FROM base AS builder

RUN apt-get -y update && apt-get install -y \
    git build-essential cmake wget \
    && apt-get clean && apt-get autoremove && rm -rf /var/lib/apt/lists/*

RUN git config --global user.email "you@example.com" && \
    git config --global user.name "Your Name"

RUN git clone https://github.com/krrishnarraj/clpeak.git && \
    cd clpeak && \
    git submodule update --init --recursive --remote

RUN mkdir -p clpeak/buid &&\
    cd clpeak/buid && \
    cmake .. && \
    cmake --build .

Run clpeak

In this demo dockerfile, we will run get the built clpeak from the previous stages and use it as entry point

FROM base AS runtime

COPY --from=builder /clpeak/buid/clpeak .

ENTRYPOINT ./clpeak

Complete Dockerfile

You can Download the full Dockerfile implementation, or copy from the block below:

Dockerfile
FROM torizon/arm64v8-debian-wayland-base-vivante AS base
 
RUN apt-get -y update && apt-get install -y \
    libopencl-vivante1 \
    libopencl-vivante1-dev \
    libclc-vivante1 \
    libllvm-vivante1 \
    libgal-vivante1 \
    libvsc-vivante1 \
    && apt-get clean && apt-get autoremove && rm -rf /var/lib/apt/lists/*
 
FROM base AS builder
 
RUN apt-get -y update && apt-get install -y \
    git build-essential cmake wget \
    && apt-get clean && apt-get autoremove && rm -rf /var/lib/apt/lists/*
 
RUN git config --global user.email "you@example.com" && \
    git config --global user.name "Your Name"
 
RUN git clone https://github.com/krrishnarraj/clpeak.git && \
    cd clpeak && \
    git submodule update --init --recursive --remote
 
RUN mkdir -p clpeak/buid &&\
    cd clpeak/buid && \
    cmake .. && \
    cmake --build .
 
FROM base AS runtime
 
COPY --from=builder /clpeak/buid/clpeak .
 
ENTRYPOINT ./clpeak

Expected Output

This is the expected output from an Apalis iMX8 board:

Output
Platform: Vivante OpenCL Platform
  Device: Vivante OpenCL Device GC7000XSVX.6009.0000
    Driver version  : OpenCL 1.2 V6.2.4.p4.190076 (Linux ARM64)
    Compute units   : 1
    Clock frequency : 996 MHz
 
    Global memory bandwidth (GBPS)
      float   : 5.81
      float2  : 9.74
      float4  : 10.63
      float8  : 9.36
      float16 : 8.00
 
    Single-precision compute (GFLOPS)
      float   : 14.14
      float2  : 28.18
      float4  : 55.87
      float8  : 62.15
      float16 : 61.45
 
    No half precision support!

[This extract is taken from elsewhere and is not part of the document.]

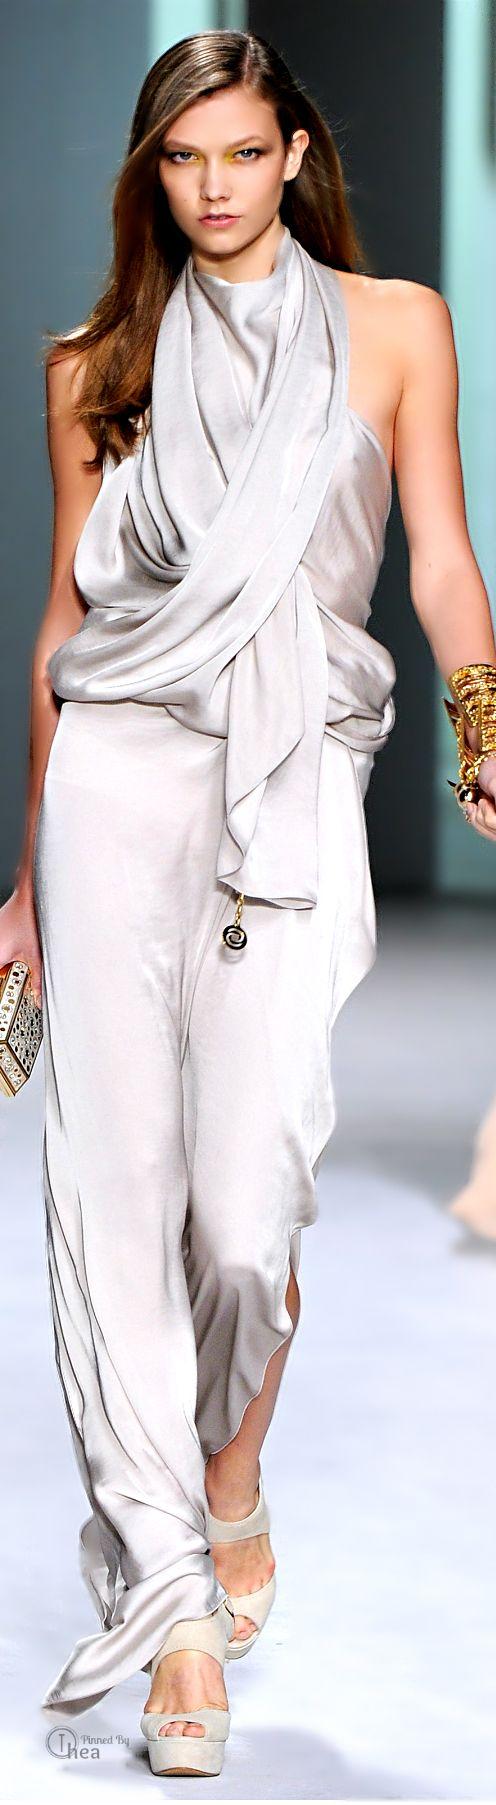 Karlie Kloss - The Hottest Runway Model | ELIE SAAB ...

Skipped
 
    No double precision support! Skipped
 
    Integer compute (GIOPS)
      int   : 14.13
      int2  : 14.09
      int4  : 15.84
      int8  : 15.73
      int16 : 14.54
 
    Transfer bandwidth (GBPS)
      enqueueWriteBuffer         : 1.43
      enqueueReadBuffer          : 0.08
      enqueueMapBuffer(for read) : 301.68
        memcpy from mapped ptr   : 0.08
      enqueueUnmap(after write)  : 269.08
        memcpy to mapped ptr     : 1.43
 
    Kernel launch latency : 97.56 us
 
  Device: Vivante OpenCL Device GC7000XSVX.6009.0000
    Driver version  : OpenCL 1.2 V6.2.4.p4.190076 (Linux ARM64)
    Compute units   : 1
    Clock frequency : 996 MHz
 
    Global memory bandwidth (GBPS)
      float   : 5.59
      float2  : 9.38
      float4  : 10.33
      float8  : 9.15
      float16 : 7.85
 
    Single-precision compute (GFLOPS)
      float   : 14.14
      float2  : 28.18
      float4  : 55.87
      float8  : 62.15
      float16 : 61.45
 
    No half precision support! Skipped
 
    No double precision support! Skipped
 
    Integer compute (GIOPS)
      int   : 14.13
      int2  : 14.09
      int4  : 15.84
      int8  : 15.73
      int16 : 14.54
 
    Transfer bandwidth (GBPS)
      enqueueWriteBuffer         : 1.42
      enqueueReadBuffer          : 0.08
      enqueueMapBuffer(for read) : 238.44
        memcpy from mapped ptr   : 0.08
      enqueueUnmap(after write)  : 207.03
        memcpy to mapped ptr     : 1.44
 
    Kernel launch latency : 126.82 us